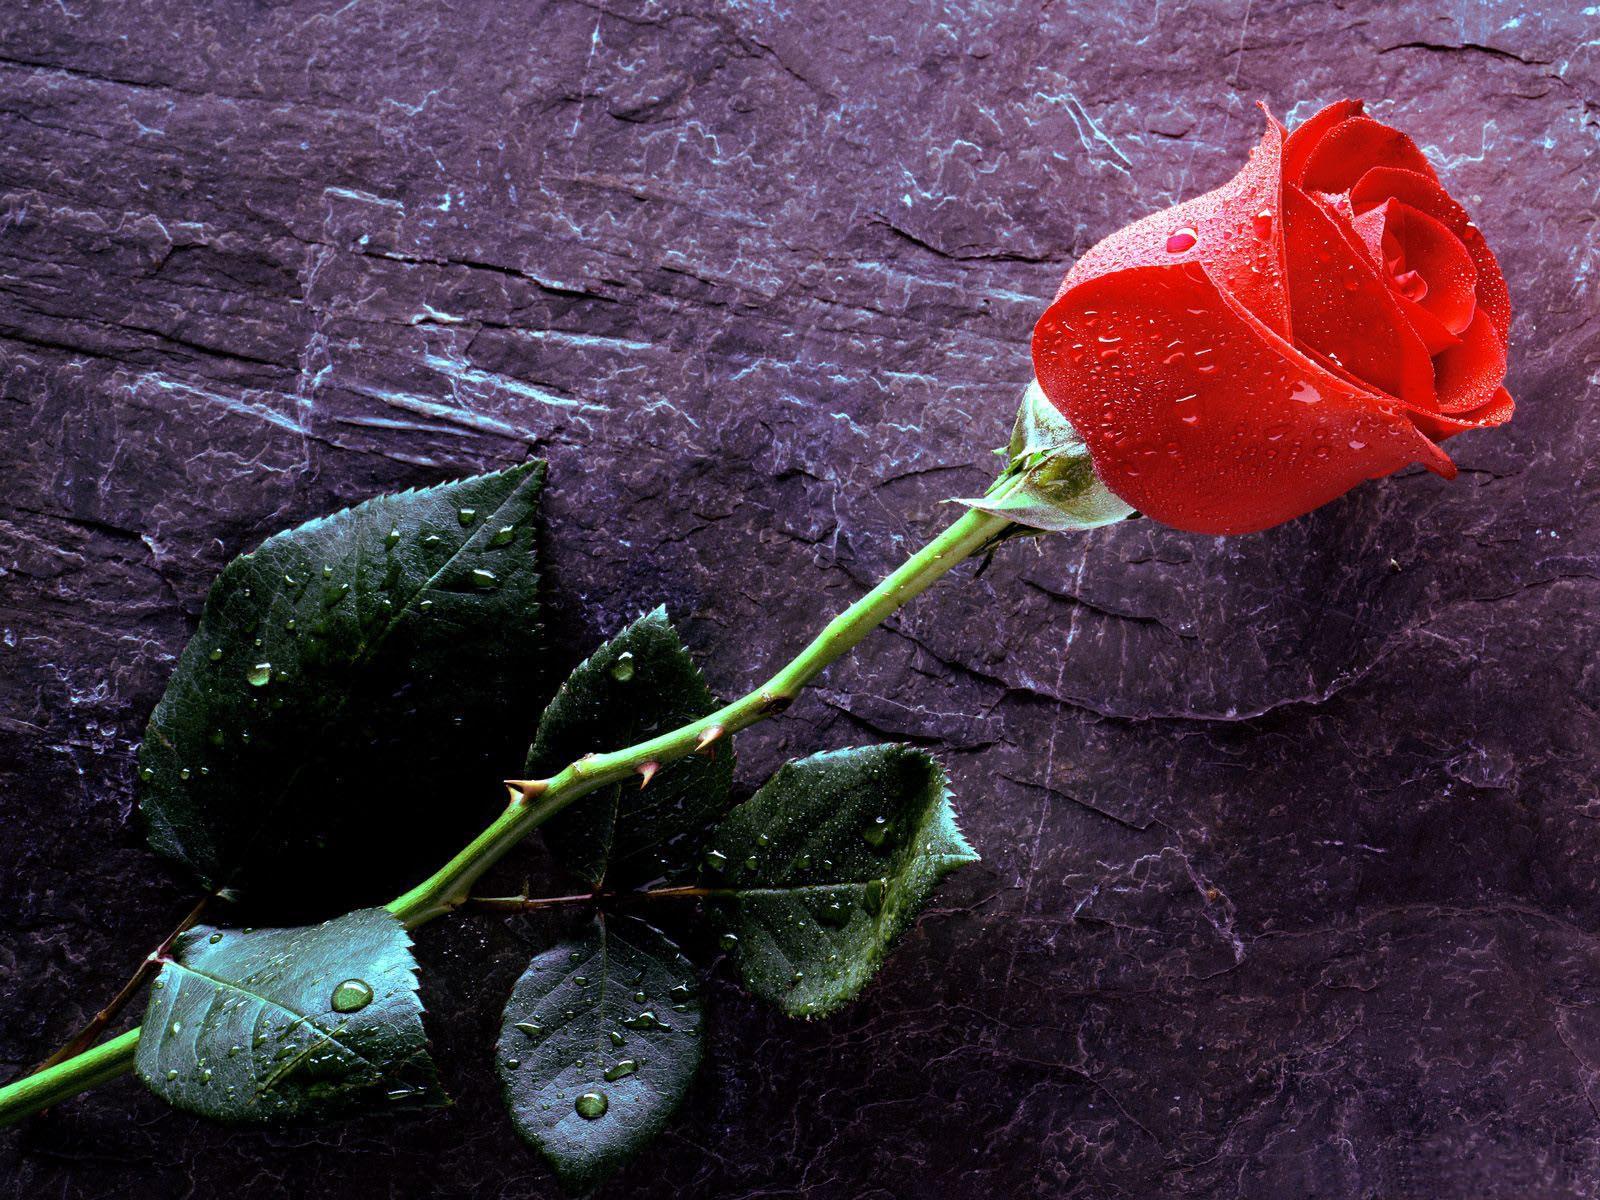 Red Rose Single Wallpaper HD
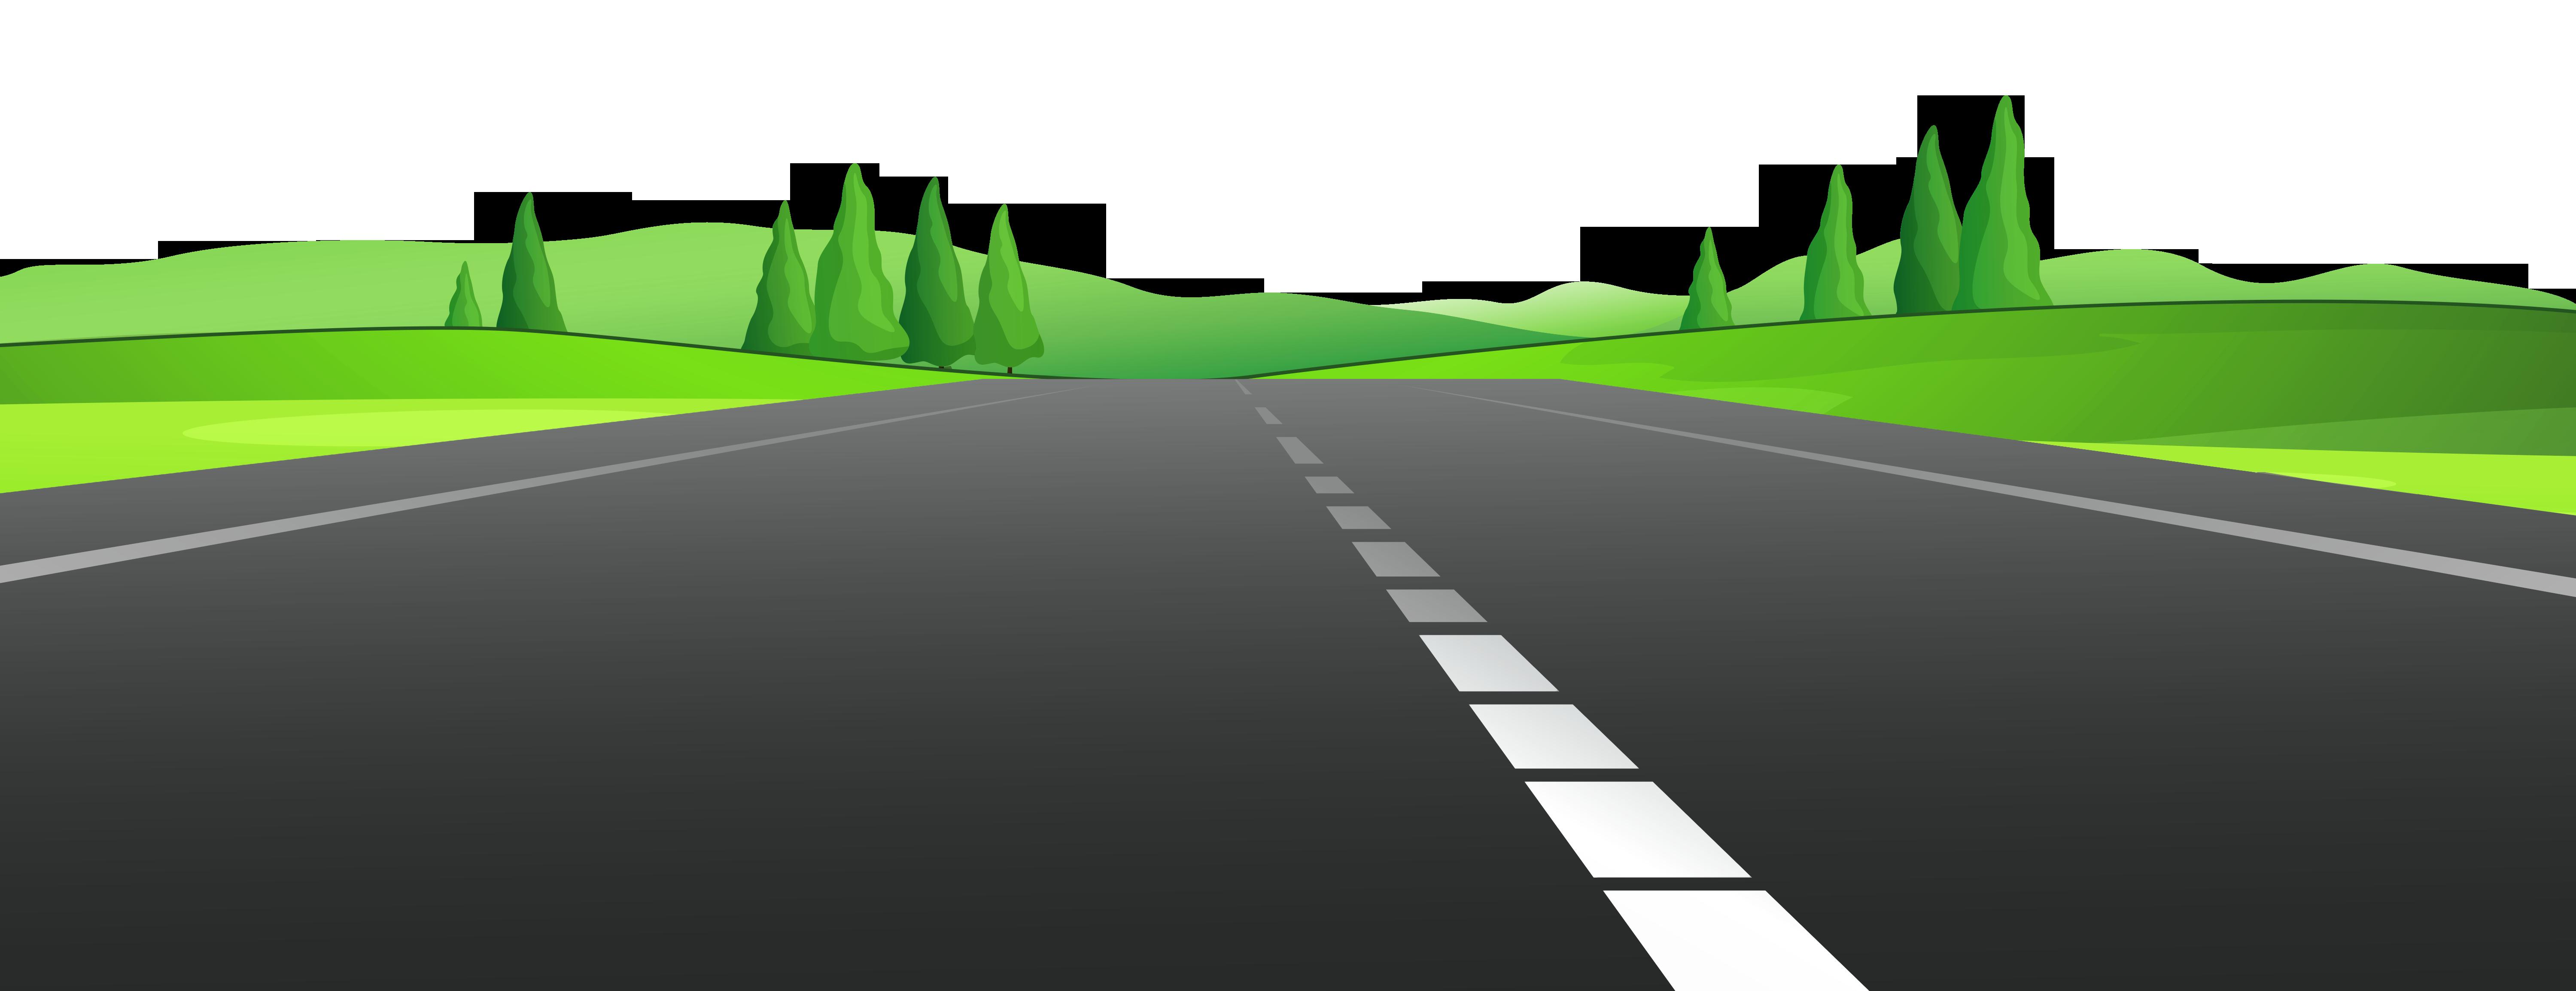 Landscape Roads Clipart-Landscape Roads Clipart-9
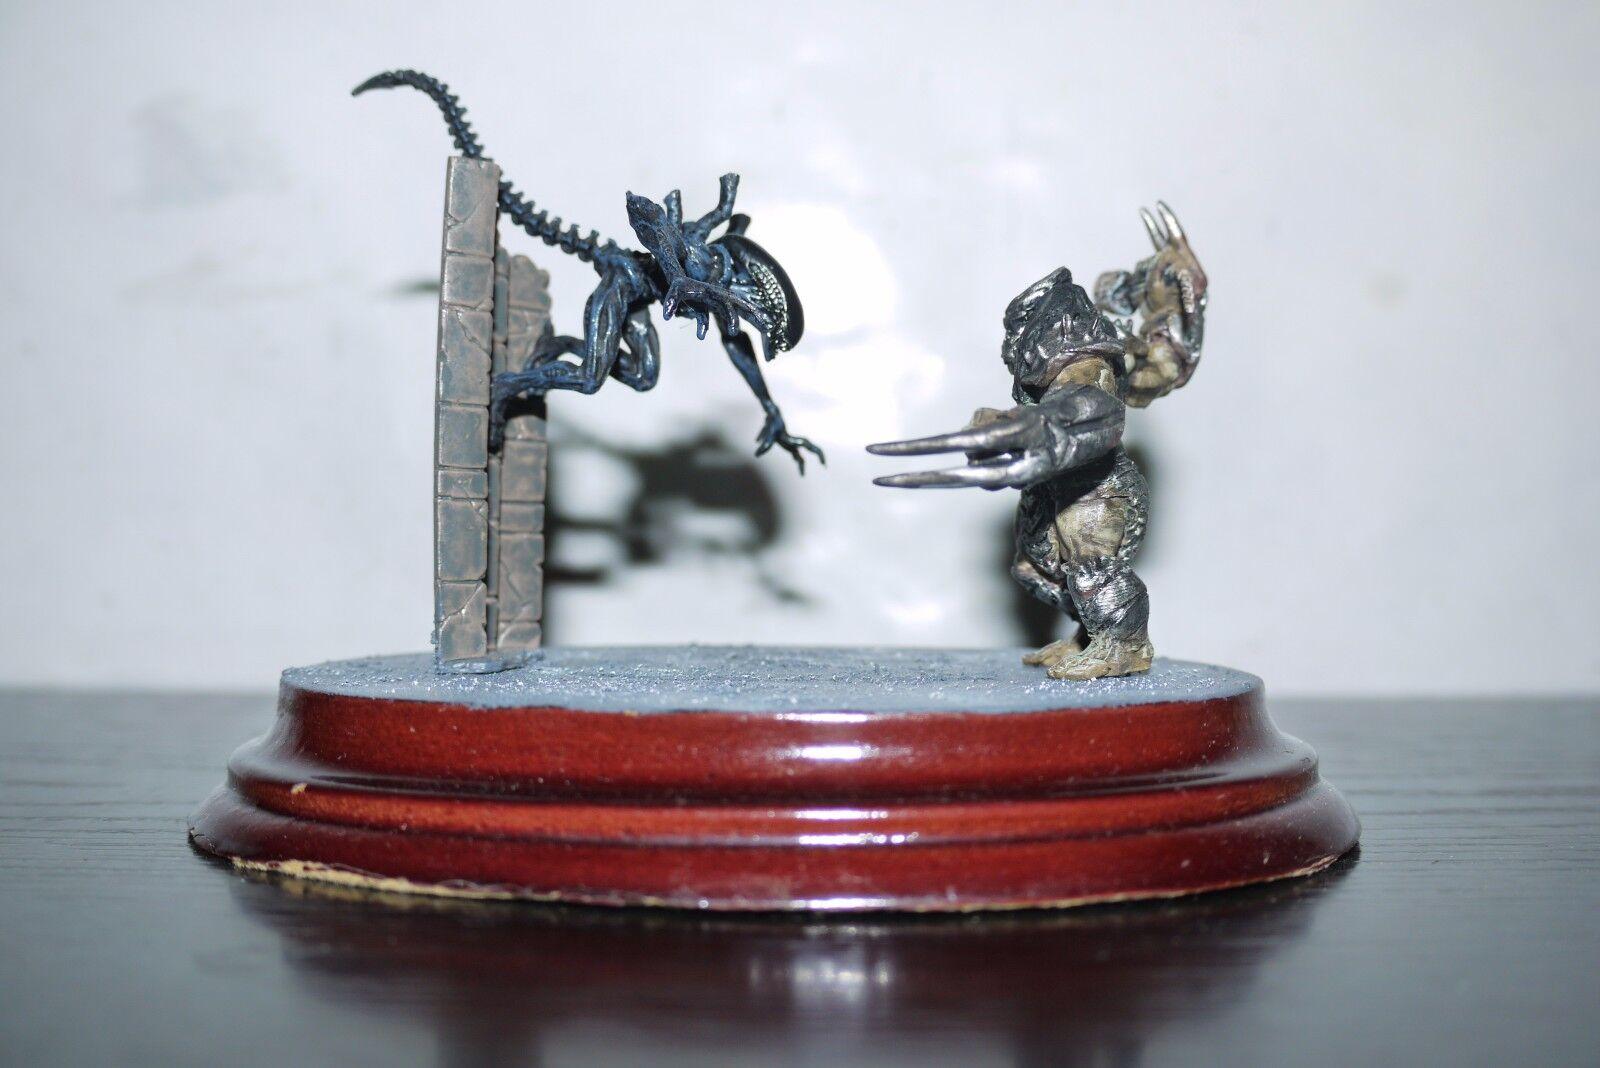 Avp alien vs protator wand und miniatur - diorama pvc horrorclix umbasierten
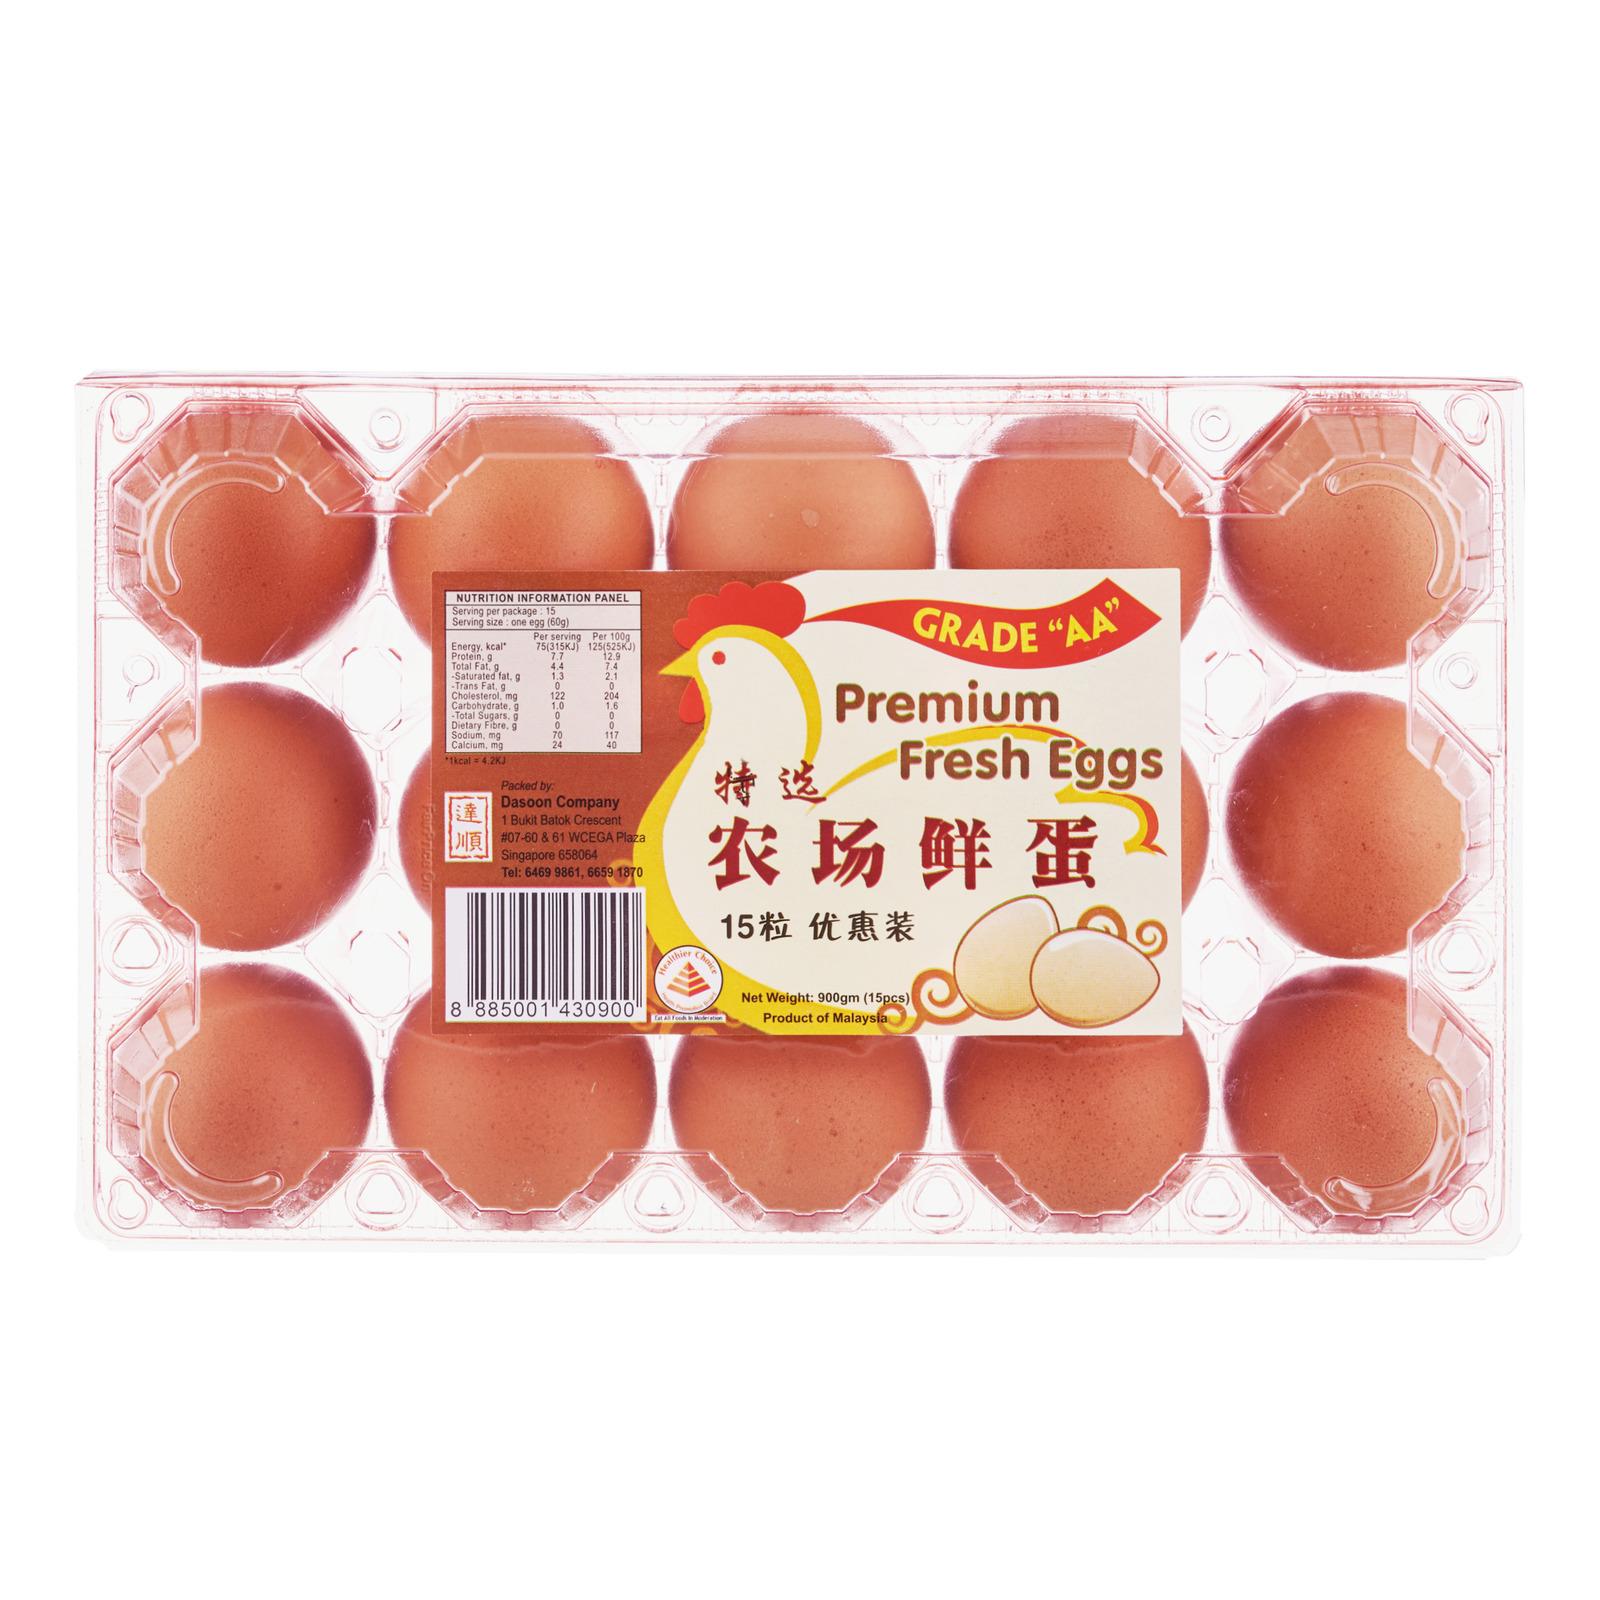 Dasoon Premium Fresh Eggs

....

▶ **Description of the task**
Starting with the line that contains "Avp alien vs" and ending with the last line of the material, every line must be written out exactly; no other lines and no pictures are wanted.

▶ **Answer to this problem**
 Avp alien vs protator wand und miniatur - diorama pvc horrorclix umbasierten
 Dasoon Premium Fresh Eggs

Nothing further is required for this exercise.